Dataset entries

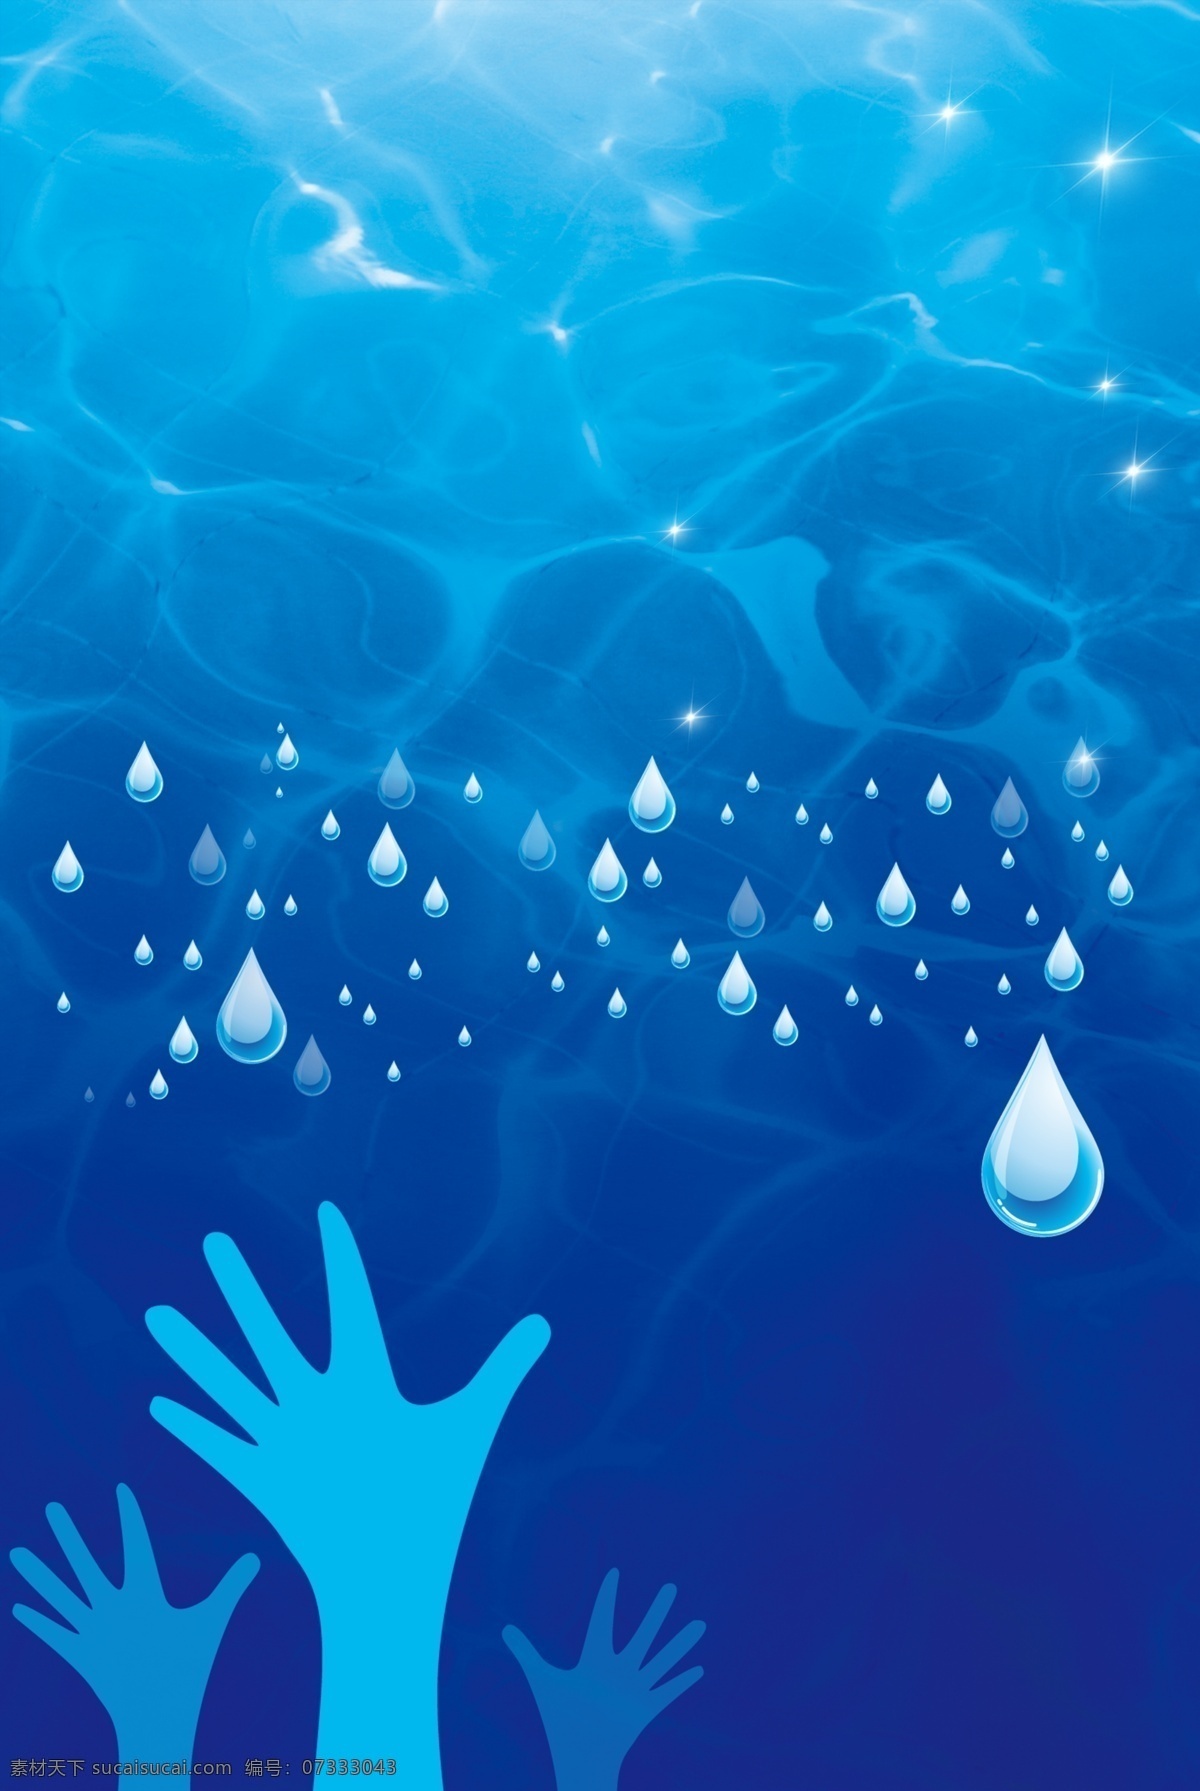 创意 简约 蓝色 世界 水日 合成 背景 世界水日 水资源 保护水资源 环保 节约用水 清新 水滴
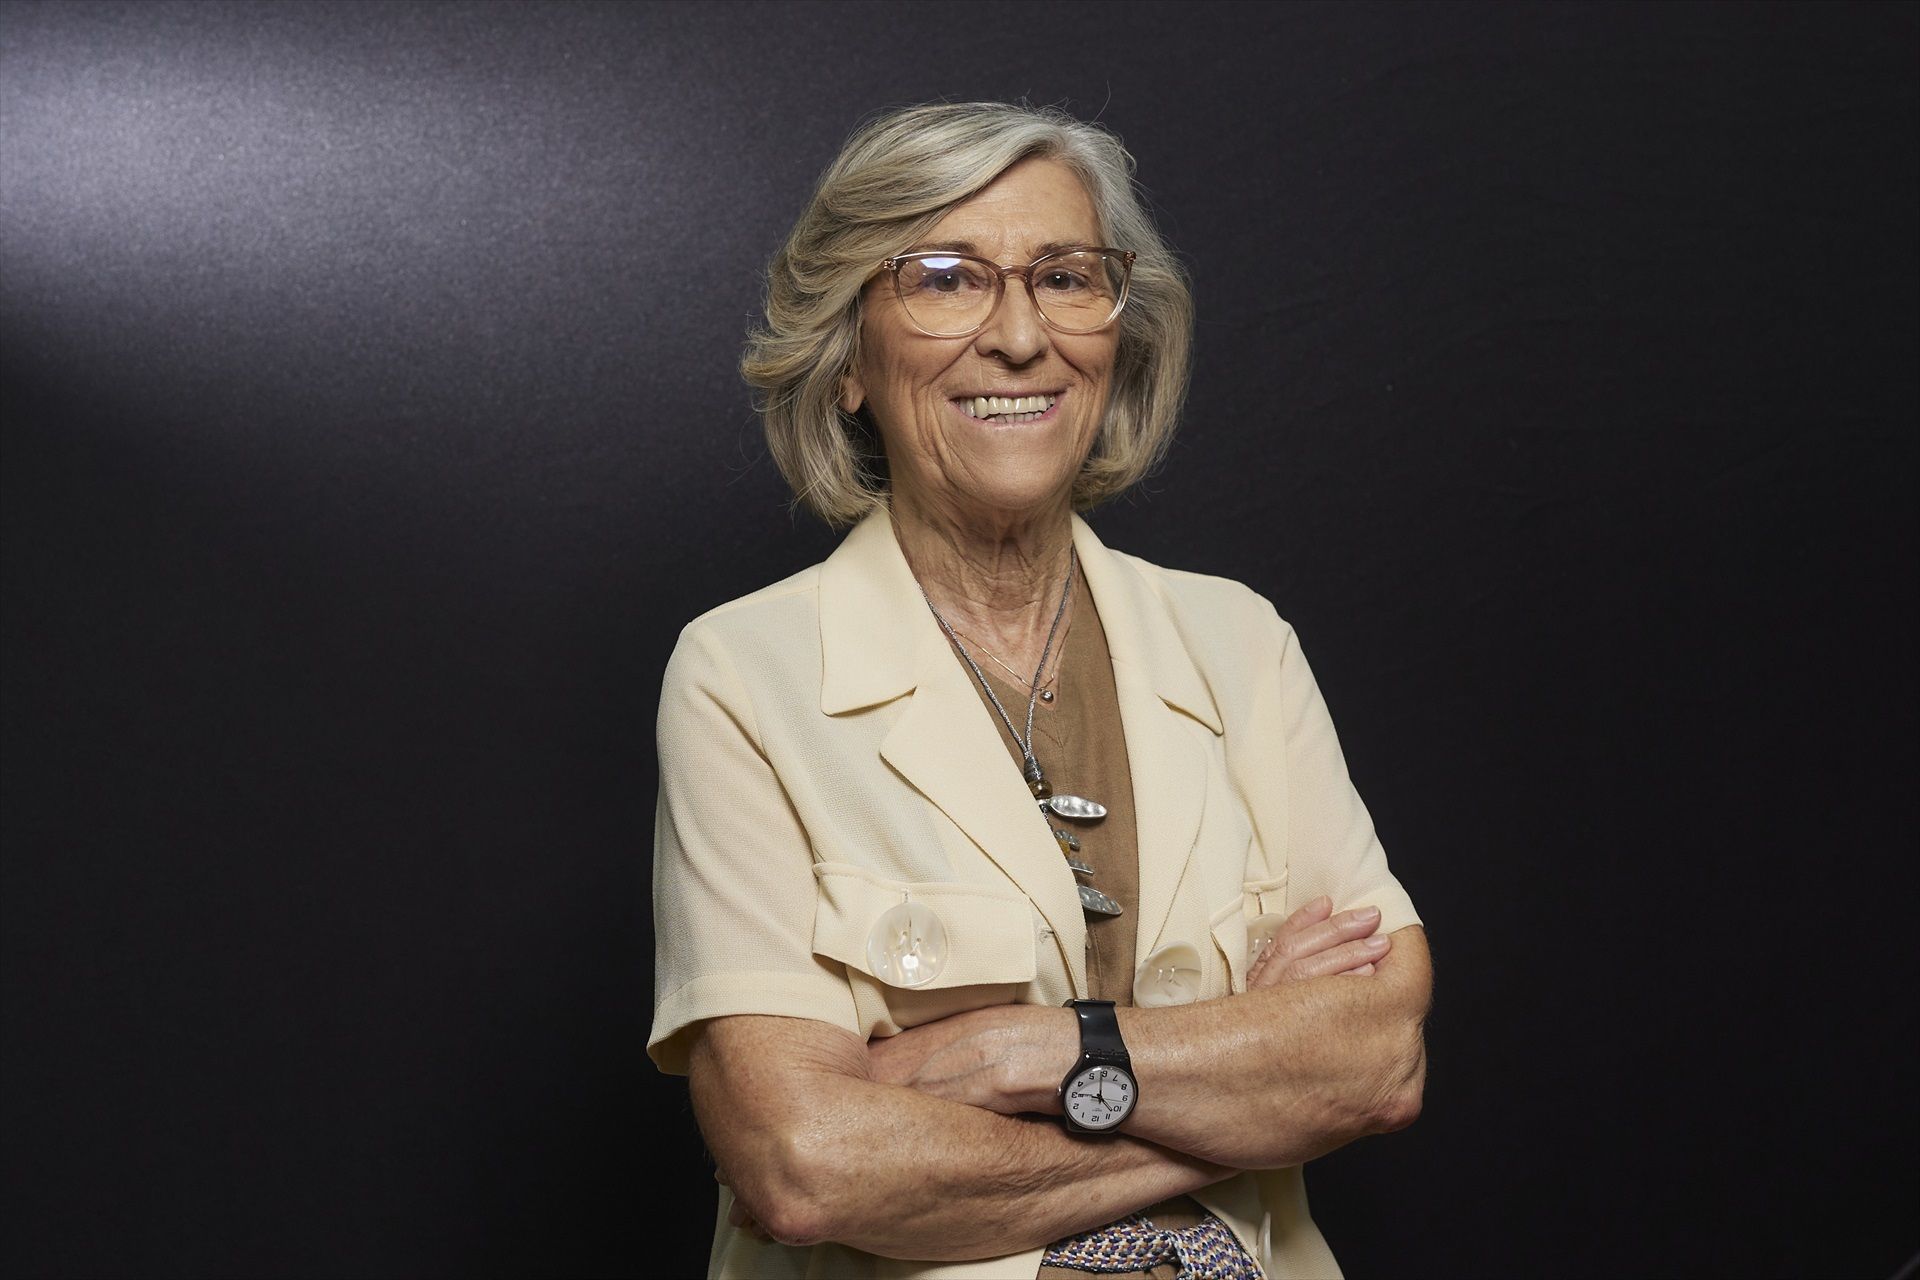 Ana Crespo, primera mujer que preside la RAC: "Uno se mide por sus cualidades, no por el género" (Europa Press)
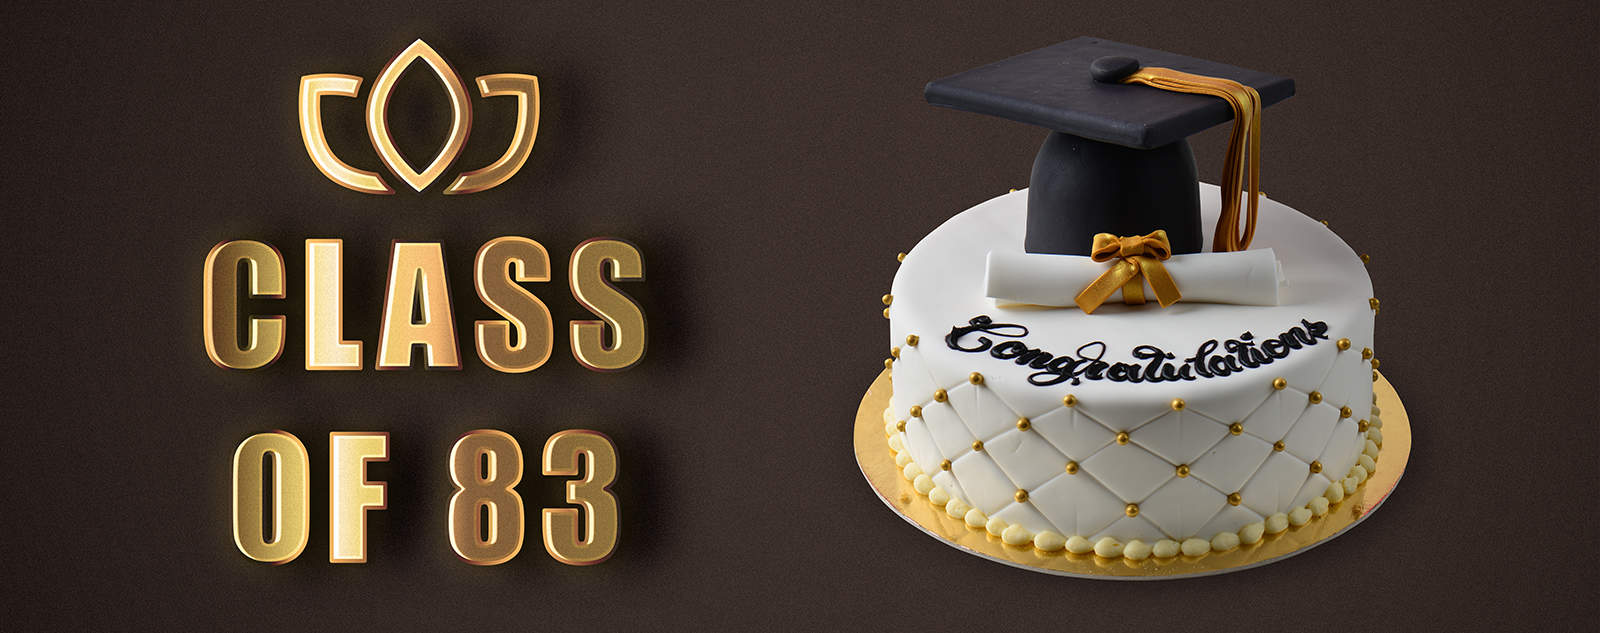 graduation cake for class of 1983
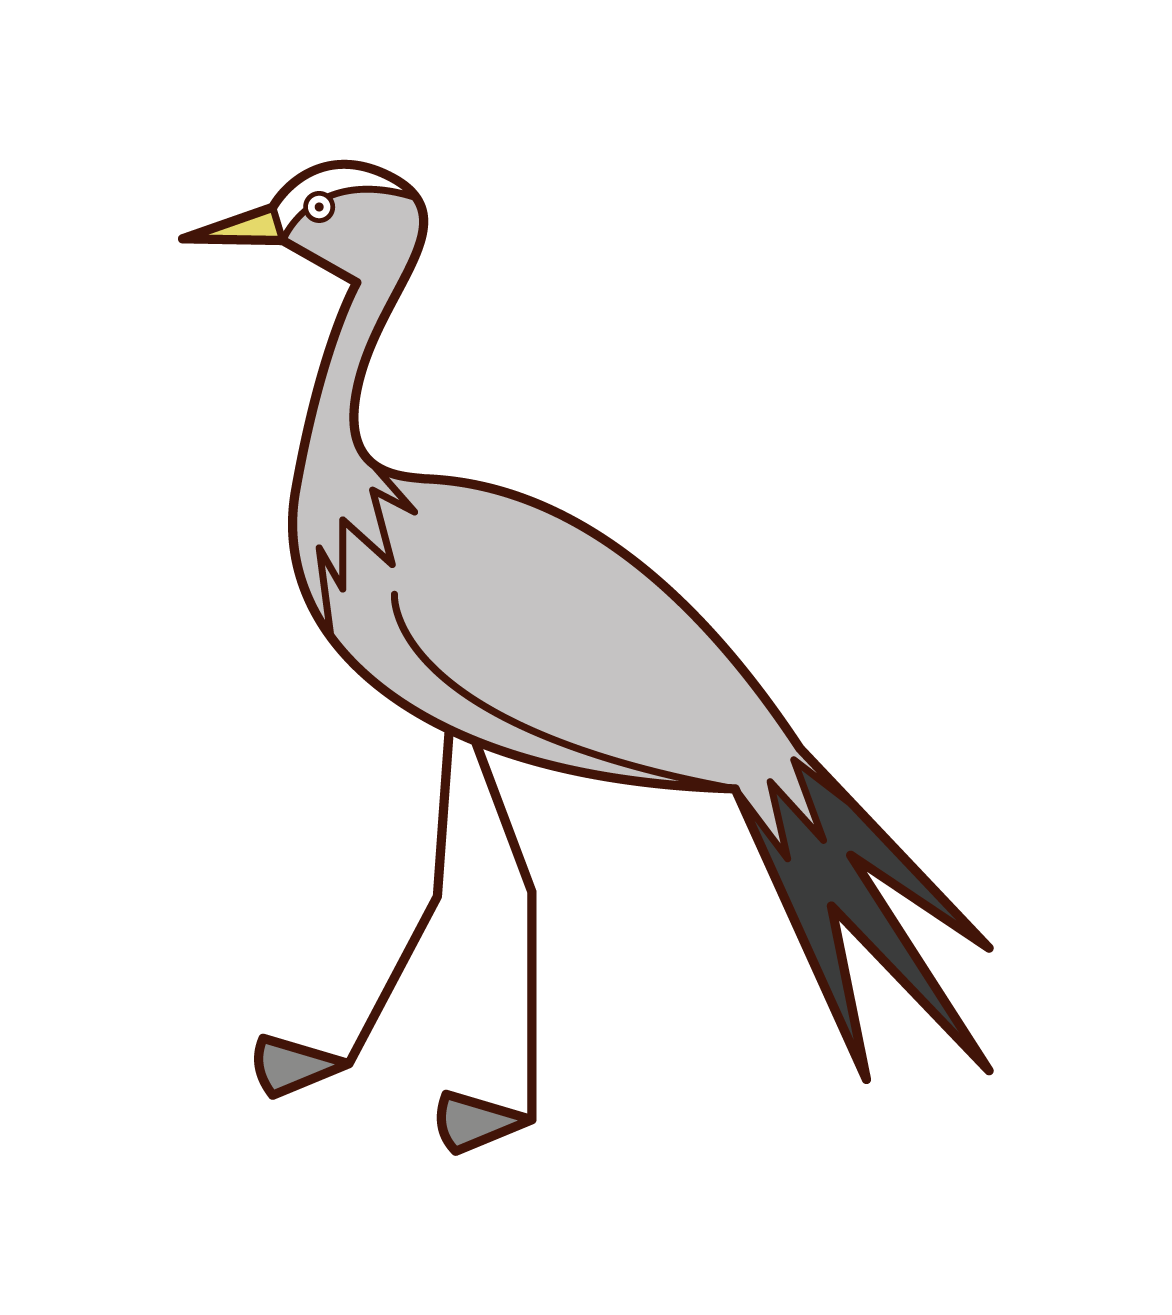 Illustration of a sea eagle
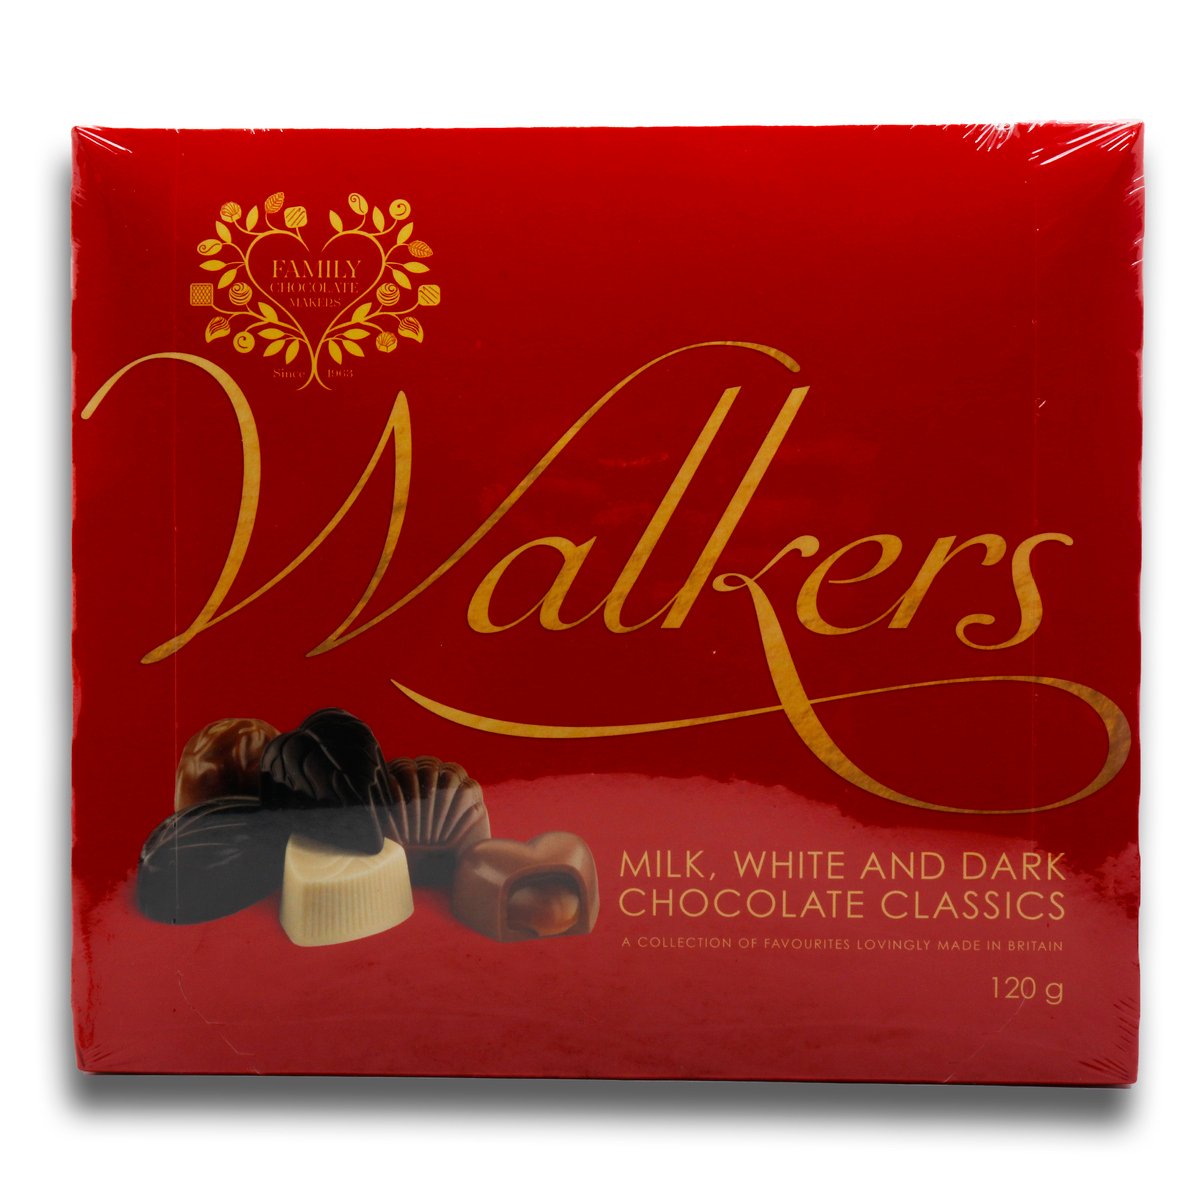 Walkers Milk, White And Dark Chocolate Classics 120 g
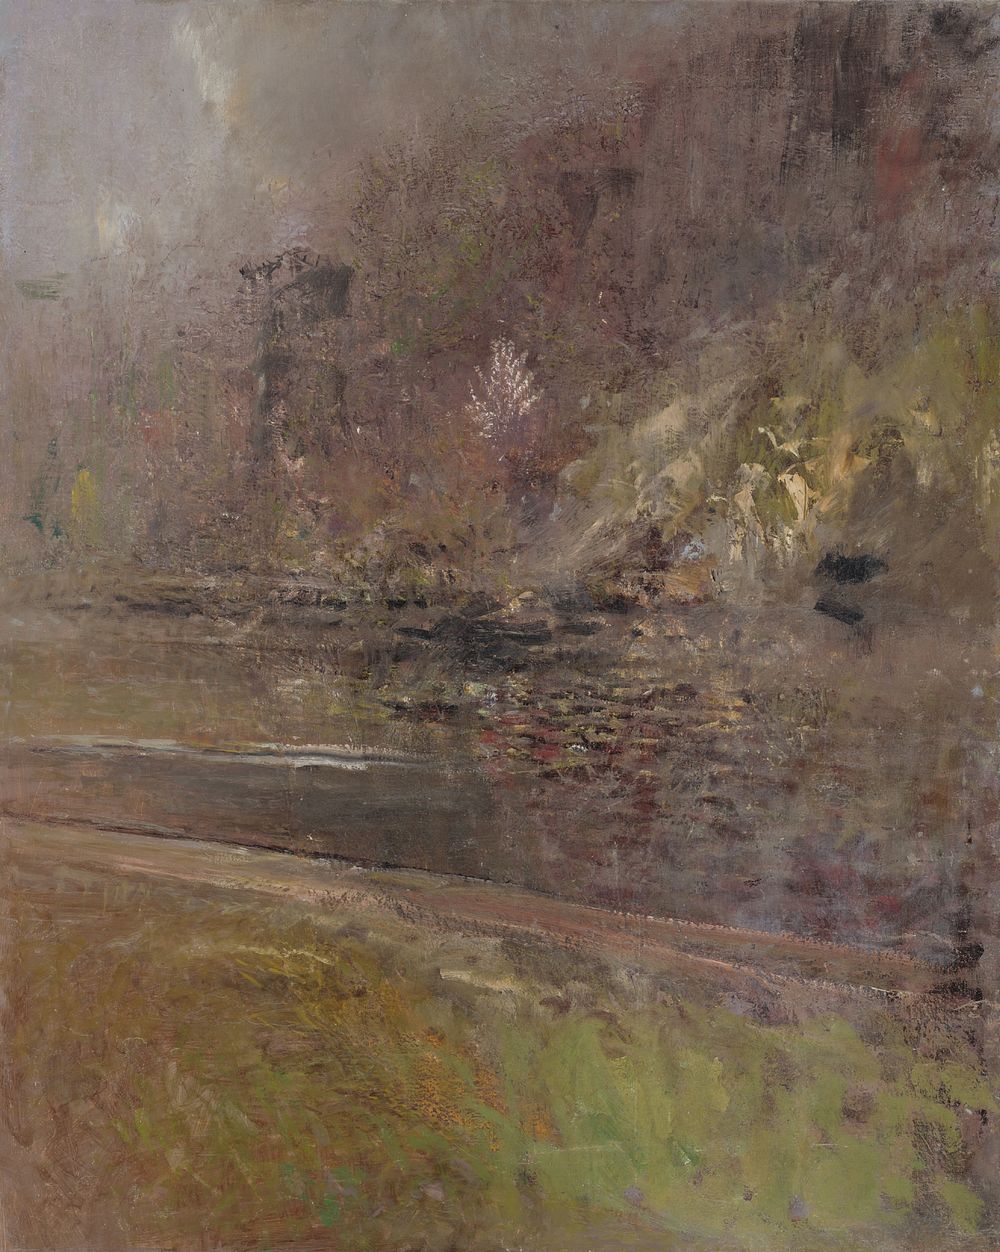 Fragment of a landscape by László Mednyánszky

→ What you will do: The answer should be the records above, unchanged, with the pictures omitted.

→ Response:
 创意 简约 蓝色 世界 水日 合成 背景 世界水日 水资源 保护水资源 环保 节约用水 清新 水滴
 Ana Crespo, primera mujer que preside la RAC: "Uno se mide por sus cualidades, no por el género" (Europa Press)
 graduation cake for class of 1983
 Illustration of a sea eagle
 Walkers Milk, White And Dark Chocolate Classics 120 g
 Fragment of a landscape by László Mednyánszky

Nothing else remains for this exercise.